The goal of a LinkedIn business development program (or social selling, if you want to call it that) is to drive conversations with ideal prospects who ultimately turn into new clients or customers. From prospect identification and initial outreach to closing the sale, there are a number of places where these efforts can go off the rails; and if you’re not paying attention you won’t know how to fix it. You may not even know it’s happening.
Here’s what we track.
1. Number of phone calls per month
I know – big duh. But I talk to a surprising number of people who can’t tell me how many phone calls they’re generating from LinkedIn. This is especially true of those who are running their own program, and it’s not good because resources – time and/or money – are being invested and you should know definitively whether it’s paying off or not.
If you’re getting fewer phone calls than you expected, you likely need a tweak in one of three areas: your target audience, your messages or your offer.
2. Connection acceptance rate
This is the percentage of people who accept your invitation to connect and join your network. Unlike the days when we accepted connection invitations because it was new and interesting, now people tend to be more picky about who they connect with, and watching this number helps you tweak your 300 characters to get the best response. It will also keep you out of trouble with LinkedIn because if too many people choose to click “Ignore” on your request, LinkedIn can and will put your account on hold. This number should be especially important to you if you are, heaven forbid, using an automated app to barf out connection requests.
3. Connection-to-interest rate
This is the percentage of people who connect with you that eventually express interest in having a conversation. Connections aren’t going to do you a whole lot of good if that’s all they are. You want to have conversations, right? If you’ve done a good job of identifying your ideal prospect but your conversation interest rate is low, it’s either your offer or your messaging. Test these one at a time to avoid having too many variables.
The same thing is true with InMail response rate. If few people are responding to your InMails, you know you are either talking to the wrong people or saying the wrong things. And you’re wasting money.
4. Conversation agreement to conversation rate
What percentage of people who say “yes” to a conversation and the conversation actually occurs? Surprisingly this is where a lot of opportunity can get lost. It’s a process issue, not a strategic one. Getting the conversation scheduled and ensuring it happens is an administrative challenge, but it’s critical to identify and fix it to maximize efficiency of your program.

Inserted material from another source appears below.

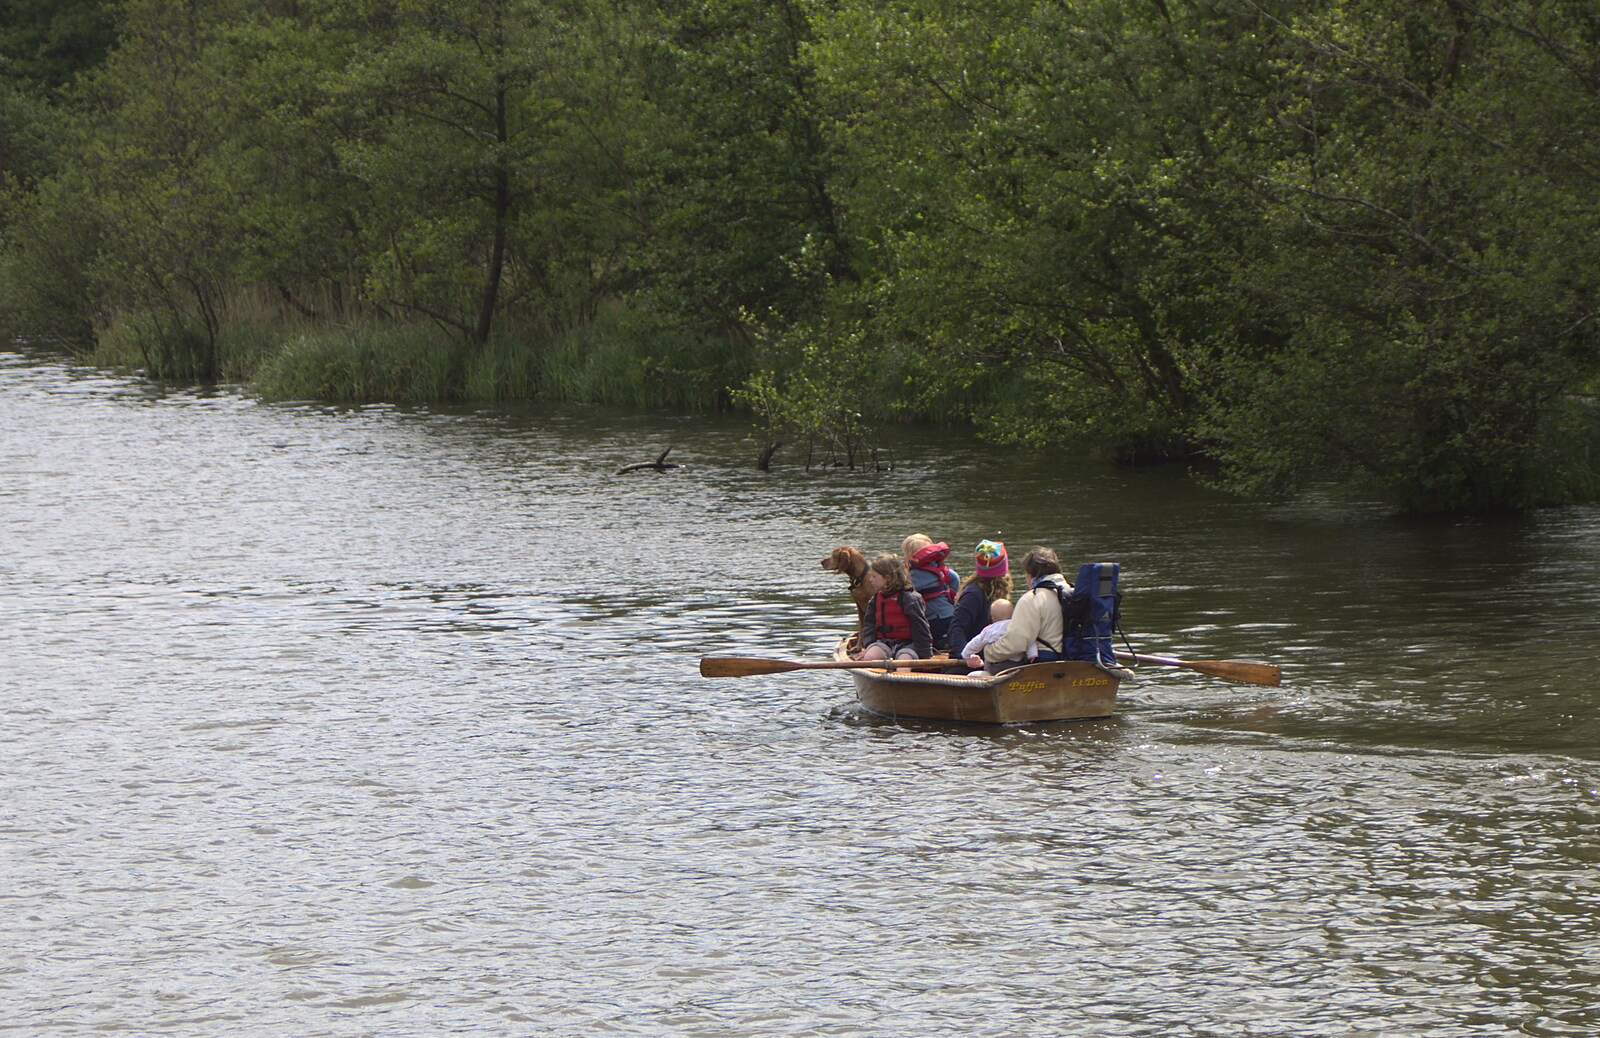 An overloaded dinghy, heading off to sea maybe from A Trip on the Norfolk Broads, Wroxham, Norfolk - 25th May 2013

5. Calls-to-opportunity rate
If you’re having conversations, but there’s no fit or opportunity, you may be talking to the wrong people. Recently a new client came to us after having spent a year with a different LinkedIn firm. His biggest complaint? Thirty-five percent of the conversations the company drove to him were with people who did not need his services and were in no position to hire him. You’re unlikely to have 100% call-to-opportunity rate, but when 35% don’t stand a chance to be qualified, you’re wasting a lot of time.
A low call-to-opportunity rate could also indicate a flaw in your sales process – which is a different problem but one you need to know about.
6. Opportunity-to-new-business rate
Finally, there is the close rate – how many opportunities become new clients. If the opportunity is real and the close rate is low, you’ll want to look at your sales process. That’s outside my area of expertise, so I recommend getting some help from a sales consultant.
I look at these numbers for ourselves and our clients on a monthly and quarterly basis. Doing so, I can quickly identify the biggest opportunities for improvement, offer recommendations for action and keep the program in top shape.